[Assignment]:
Extract from the entries below, exactly as given, only the lines from the line containing "Hat - Green Snapback" to the line containing "Leopard Head Logo Illustration cover image.", both lines included.

┌─ Records supplied

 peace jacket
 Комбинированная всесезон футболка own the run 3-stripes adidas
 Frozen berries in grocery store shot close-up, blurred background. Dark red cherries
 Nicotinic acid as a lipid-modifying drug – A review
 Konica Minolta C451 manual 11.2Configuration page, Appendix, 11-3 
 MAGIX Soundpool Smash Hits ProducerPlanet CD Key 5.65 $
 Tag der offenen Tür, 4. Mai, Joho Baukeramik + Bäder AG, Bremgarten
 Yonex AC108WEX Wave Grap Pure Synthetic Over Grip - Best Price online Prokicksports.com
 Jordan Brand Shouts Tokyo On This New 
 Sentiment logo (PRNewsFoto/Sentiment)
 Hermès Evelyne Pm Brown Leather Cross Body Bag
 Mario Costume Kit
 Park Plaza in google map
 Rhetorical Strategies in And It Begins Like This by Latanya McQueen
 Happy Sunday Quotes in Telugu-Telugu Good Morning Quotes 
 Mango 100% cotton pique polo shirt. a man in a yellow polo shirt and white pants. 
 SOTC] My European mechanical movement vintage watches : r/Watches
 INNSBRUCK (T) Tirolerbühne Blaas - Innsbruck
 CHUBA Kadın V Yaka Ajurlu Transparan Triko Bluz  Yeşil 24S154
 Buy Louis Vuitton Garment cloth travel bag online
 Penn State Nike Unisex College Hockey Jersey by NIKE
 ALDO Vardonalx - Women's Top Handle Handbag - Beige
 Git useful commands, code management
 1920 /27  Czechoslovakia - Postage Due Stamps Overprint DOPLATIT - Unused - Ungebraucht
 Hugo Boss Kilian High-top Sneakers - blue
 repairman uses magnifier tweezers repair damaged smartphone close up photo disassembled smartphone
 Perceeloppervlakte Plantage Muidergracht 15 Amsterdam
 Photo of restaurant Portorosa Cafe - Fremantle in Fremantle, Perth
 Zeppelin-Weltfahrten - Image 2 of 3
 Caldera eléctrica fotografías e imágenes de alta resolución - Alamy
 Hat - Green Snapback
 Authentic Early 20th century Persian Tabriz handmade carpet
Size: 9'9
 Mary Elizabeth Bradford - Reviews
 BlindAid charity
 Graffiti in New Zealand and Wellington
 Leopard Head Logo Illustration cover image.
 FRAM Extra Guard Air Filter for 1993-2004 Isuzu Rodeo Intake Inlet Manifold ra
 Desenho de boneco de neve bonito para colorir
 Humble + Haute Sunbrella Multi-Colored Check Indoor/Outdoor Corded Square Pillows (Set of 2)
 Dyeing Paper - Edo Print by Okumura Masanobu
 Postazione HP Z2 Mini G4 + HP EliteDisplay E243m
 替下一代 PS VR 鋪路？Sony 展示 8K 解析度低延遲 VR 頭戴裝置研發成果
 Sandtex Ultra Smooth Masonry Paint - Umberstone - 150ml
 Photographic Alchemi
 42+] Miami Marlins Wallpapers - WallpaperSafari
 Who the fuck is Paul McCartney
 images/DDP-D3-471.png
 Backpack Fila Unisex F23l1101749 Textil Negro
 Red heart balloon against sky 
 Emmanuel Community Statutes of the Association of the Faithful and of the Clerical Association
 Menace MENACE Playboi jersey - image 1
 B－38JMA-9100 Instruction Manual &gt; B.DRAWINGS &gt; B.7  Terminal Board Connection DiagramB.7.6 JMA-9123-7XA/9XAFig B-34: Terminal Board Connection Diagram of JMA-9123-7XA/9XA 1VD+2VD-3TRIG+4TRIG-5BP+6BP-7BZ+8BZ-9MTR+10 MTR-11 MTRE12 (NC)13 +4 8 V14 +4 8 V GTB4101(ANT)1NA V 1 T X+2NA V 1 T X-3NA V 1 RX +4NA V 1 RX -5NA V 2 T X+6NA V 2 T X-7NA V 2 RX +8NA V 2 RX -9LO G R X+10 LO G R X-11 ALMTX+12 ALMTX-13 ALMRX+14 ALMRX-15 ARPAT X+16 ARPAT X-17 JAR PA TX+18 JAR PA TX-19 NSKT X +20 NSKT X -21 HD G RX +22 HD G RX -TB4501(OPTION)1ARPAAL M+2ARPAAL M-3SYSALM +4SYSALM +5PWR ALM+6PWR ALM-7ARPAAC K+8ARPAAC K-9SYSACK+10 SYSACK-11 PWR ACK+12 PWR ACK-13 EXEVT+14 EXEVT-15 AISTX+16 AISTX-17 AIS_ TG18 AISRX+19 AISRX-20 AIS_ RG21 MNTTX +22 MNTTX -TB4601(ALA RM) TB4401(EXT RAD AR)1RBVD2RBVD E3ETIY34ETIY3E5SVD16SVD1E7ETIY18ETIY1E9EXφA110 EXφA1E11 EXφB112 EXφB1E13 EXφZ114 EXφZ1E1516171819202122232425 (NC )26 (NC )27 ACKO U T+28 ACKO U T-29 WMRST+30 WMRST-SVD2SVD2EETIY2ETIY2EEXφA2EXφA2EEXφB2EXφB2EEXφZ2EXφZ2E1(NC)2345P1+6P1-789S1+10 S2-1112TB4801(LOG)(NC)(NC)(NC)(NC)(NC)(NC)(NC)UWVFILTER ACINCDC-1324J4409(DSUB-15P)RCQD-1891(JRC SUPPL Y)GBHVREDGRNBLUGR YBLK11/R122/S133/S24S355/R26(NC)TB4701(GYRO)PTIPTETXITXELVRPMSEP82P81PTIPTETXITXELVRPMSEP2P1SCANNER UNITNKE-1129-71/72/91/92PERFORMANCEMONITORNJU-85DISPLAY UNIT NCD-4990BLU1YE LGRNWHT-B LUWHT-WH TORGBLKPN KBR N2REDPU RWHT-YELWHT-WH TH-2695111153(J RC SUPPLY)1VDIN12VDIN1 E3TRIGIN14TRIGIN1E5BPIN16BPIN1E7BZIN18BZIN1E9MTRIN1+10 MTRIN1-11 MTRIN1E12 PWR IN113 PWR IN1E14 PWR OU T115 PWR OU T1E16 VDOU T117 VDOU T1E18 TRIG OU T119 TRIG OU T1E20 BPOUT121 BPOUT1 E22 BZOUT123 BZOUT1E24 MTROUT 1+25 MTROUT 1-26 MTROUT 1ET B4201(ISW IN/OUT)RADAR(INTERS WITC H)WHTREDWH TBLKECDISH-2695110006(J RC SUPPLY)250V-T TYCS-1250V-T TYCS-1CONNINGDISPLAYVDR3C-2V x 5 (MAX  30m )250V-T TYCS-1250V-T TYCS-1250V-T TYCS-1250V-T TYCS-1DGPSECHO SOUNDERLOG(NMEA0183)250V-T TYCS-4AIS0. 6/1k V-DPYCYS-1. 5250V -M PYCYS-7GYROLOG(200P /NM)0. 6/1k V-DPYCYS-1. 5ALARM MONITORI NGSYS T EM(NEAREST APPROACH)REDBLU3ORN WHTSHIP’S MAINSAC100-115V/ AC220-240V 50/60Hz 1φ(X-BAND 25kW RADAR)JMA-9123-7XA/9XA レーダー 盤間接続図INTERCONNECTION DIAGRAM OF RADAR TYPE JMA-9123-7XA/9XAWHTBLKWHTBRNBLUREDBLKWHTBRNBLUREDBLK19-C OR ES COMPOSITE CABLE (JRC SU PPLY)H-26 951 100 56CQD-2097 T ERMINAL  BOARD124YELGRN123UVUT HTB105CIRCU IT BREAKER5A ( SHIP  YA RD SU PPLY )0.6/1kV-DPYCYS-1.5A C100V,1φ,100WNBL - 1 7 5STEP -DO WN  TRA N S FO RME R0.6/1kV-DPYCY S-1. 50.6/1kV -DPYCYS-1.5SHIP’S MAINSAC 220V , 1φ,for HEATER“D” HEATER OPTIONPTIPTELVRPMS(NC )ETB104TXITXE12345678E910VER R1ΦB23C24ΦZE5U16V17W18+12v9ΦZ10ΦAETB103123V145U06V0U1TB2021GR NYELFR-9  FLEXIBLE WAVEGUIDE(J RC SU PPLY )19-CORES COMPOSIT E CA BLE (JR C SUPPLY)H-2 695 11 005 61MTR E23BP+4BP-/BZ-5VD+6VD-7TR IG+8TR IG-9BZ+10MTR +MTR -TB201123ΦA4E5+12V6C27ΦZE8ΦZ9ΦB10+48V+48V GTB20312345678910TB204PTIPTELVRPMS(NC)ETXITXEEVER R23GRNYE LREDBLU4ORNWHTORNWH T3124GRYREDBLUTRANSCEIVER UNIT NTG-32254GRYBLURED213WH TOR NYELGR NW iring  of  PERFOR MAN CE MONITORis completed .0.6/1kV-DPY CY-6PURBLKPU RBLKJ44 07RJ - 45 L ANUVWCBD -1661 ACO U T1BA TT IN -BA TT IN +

└─

[Solution to this problem]:
 Hat - Green Snapback
 Authentic Early 20th century Persian Tabriz handmade carpet
Size: 9'9
 Mary Elizabeth Bradford - Reviews
 BlindAid charity
 Graffiti in New Zealand and Wellington
 Leopard Head Logo Illustration cover image.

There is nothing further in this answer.